(DATA TO PROCESS):
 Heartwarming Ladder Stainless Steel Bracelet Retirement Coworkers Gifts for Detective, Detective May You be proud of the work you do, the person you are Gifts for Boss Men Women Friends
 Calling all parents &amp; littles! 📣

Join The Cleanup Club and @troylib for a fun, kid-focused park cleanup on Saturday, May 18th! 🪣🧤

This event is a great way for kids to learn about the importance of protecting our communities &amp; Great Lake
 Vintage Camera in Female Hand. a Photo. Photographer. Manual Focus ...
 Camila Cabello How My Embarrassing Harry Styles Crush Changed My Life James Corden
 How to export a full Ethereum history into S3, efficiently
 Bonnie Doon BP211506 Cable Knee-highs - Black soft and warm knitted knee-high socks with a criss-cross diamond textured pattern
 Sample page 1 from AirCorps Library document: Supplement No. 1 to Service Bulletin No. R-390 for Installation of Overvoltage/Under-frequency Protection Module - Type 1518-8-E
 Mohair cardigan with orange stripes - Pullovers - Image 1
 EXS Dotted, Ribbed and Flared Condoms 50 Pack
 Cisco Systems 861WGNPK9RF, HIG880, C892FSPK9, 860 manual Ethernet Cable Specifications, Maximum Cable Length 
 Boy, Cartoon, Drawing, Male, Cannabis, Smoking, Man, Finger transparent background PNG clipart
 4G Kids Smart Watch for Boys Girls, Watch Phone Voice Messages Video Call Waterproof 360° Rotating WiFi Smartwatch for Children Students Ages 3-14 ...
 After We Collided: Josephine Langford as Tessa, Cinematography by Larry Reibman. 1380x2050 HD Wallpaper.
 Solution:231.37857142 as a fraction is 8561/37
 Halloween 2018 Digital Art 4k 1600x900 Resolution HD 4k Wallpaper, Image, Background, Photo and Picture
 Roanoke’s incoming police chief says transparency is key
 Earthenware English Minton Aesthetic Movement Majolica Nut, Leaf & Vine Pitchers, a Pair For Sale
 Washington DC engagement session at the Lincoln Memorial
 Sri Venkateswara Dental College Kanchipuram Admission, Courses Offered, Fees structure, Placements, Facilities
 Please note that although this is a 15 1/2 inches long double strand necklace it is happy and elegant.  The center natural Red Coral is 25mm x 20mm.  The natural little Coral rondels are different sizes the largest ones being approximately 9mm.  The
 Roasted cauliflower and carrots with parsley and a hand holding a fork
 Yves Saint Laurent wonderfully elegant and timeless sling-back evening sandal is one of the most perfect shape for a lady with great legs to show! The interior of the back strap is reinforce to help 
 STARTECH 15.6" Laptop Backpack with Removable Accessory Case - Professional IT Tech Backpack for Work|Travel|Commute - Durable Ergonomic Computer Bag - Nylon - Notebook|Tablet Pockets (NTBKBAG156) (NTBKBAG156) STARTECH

(AIM OF THE EXERCISE): Using the records above, restate word for word the lines from the one with "Boy, Cartoon, Drawing, Male, Cannabis, Smoking, Man, Finger" through the one with "Halloween 2018 Digital", both included.

(RESPONSE BELOW):
 Boy, Cartoon, Drawing, Male, Cannabis, Smoking, Man, Finger transparent background PNG clipart
 4G Kids Smart Watch for Boys Girls, Watch Phone Voice Messages Video Call Waterproof 360° Rotating WiFi Smartwatch for Children Students Ages 3-14 ...
 After We Collided: Josephine Langford as Tessa, Cinematography by Larry Reibman. 1380x2050 HD Wallpaper.
 Solution:231.37857142 as a fraction is 8561/37
 Halloween 2018 Digital Art 4k 1600x900 Resolution HD 4k Wallpaper, Image, Background, Photo and Picture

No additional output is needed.